There is not a lot of things to do with the dataset, just load it from the library and put together both the training and testing sets since we just want as much data as posible to train the generator

In [0]:
batch_size = 64
# The idea is just to get lots of data to train
# the generator, so labels are not needed
(x_train, _), (x_test, _) = keras.datasets.fashion_mnist.load_data()
all_digits = np.concatenate([x_train, x_test])
# Data is in ints from 0 to 255
all_digits = all_digits.astype("float32") / 255
# -1 makes it copy the value from the source array
# the last 1 is the number of channels
all_digits = np.reshape(all_digits, (-1, 28, 28, 1))
dataset = tf.data.Dataset.from_tensor_slices(all_digits)
# batch divides in batches
# prefetch makes later 32 elements be prepared while processing the current one,
# improving latency and throughput but using extra memory
dataset = dataset.shuffle(buffer_size=1024).batch(batch_size).prefetch(32)
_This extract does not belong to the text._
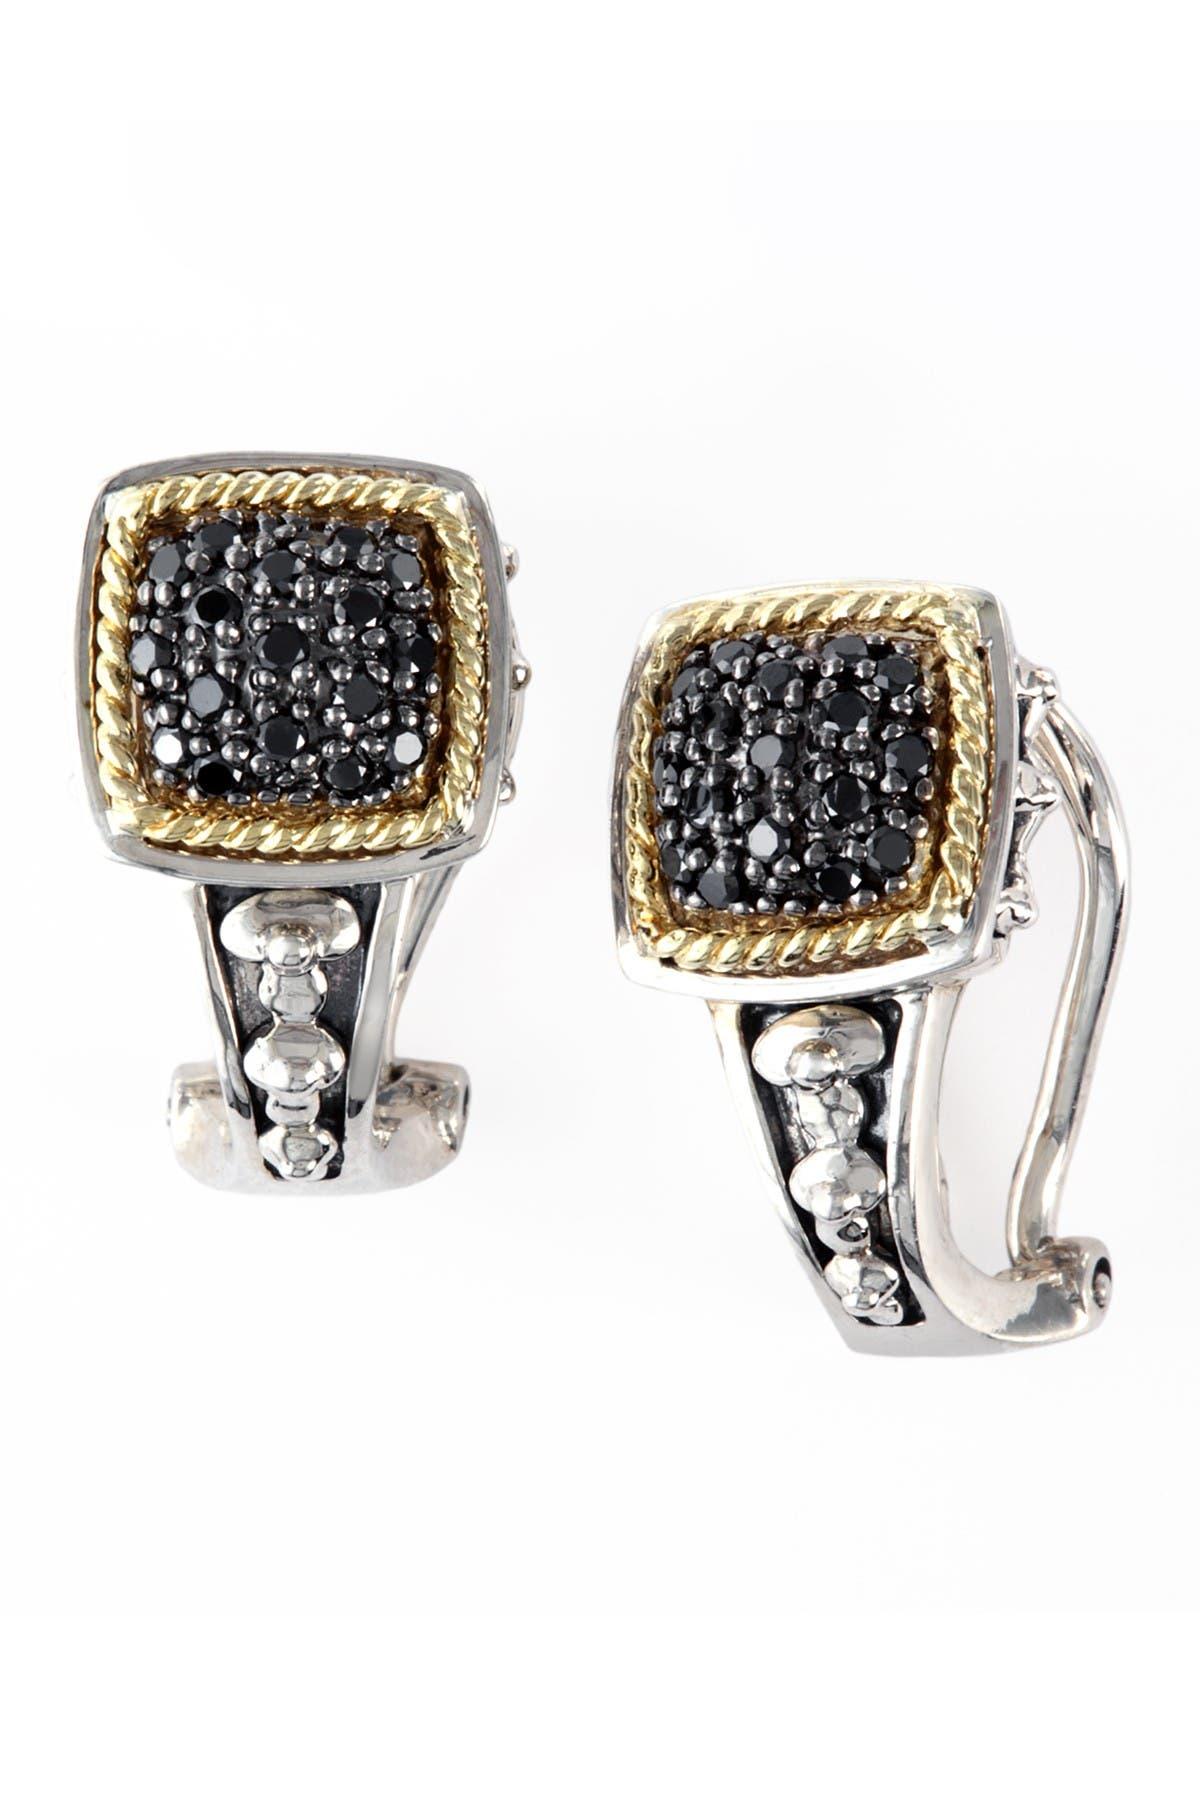 Effy Sterling Silver 18k Yellow Gold Pave Black Diamond Earrings 0 26 Ctw Nordstrom Rack

This is the discriminator model, the one in charge of deciding wether the data it is presented to it is coming from the generator or from the original dataset


In [0]:
discriminator = keras.Sequential(
    [
     keras.Input(shape=(28, 28, 1)),
     # 64 filters on 3x3 kernels, same convolution and 2 pad to go
     # to 14 x 14
     layers.Conv2D(64, (3, 3), strides=(2, 2), padding="same"),
     # DCGANS first layer of discriminator is not batch normalized
     # so that it can learn the statistic qualities of the data
     # leaky relu better for training, alpha is the negative slope coeff
     layers.LeakyReLU(alpha=0.2),
     # Normally depth ramps up
     layers.Conv2D(128, (3, 3), strides=(2, 2), padding="same"),
     layers.BatchNormalization(),
     layers.LeakyReLU(alpha=0.2),
     # Gets the max on the whole 7x7 tensor in each of the 64 channels
     # returns size of samples, channels
     # DCGAN paper says having this over fully connected layer improves 
     # model stability, but hurts convergence speed
     # As this is a small model, we have no problem with speed
     # Middle ground is flatten and then feed into sigmoid
     # Dense default activation is linear
     layers.GlobalMaxPooling2D(),
     layers.Dense(1),
    ],
    name="discriminator",
)
discriminator.summary()

Model: "discriminator"
_________________________________________________________________
Layer (type)                 Output Shape              Param #   
conv2d_5 (Conv2D)            (None, 14, 14, 64)        640       
_________________________________________________________________
leaky_re_lu_6 (LeakyReLU)    (None, 14, 14, 64)        0         
_________________________________________________________________
conv2d_6 (Conv2D)            (None, 7, 7, 128)         73856     
_________________________________________________________________
batch_normalization_4 (Batch (None, 7, 7, 128)         512       
_________________________________________________________________
leaky_re_lu_7 (LeakyReLU)    (None, 7, 7, 128)         0         
_________________________________________________________________
global_max_pooling2d_2 (Glob (None, 128)               0         
_________________________________________________________________
dense_3 (Dense)              (None, 1)               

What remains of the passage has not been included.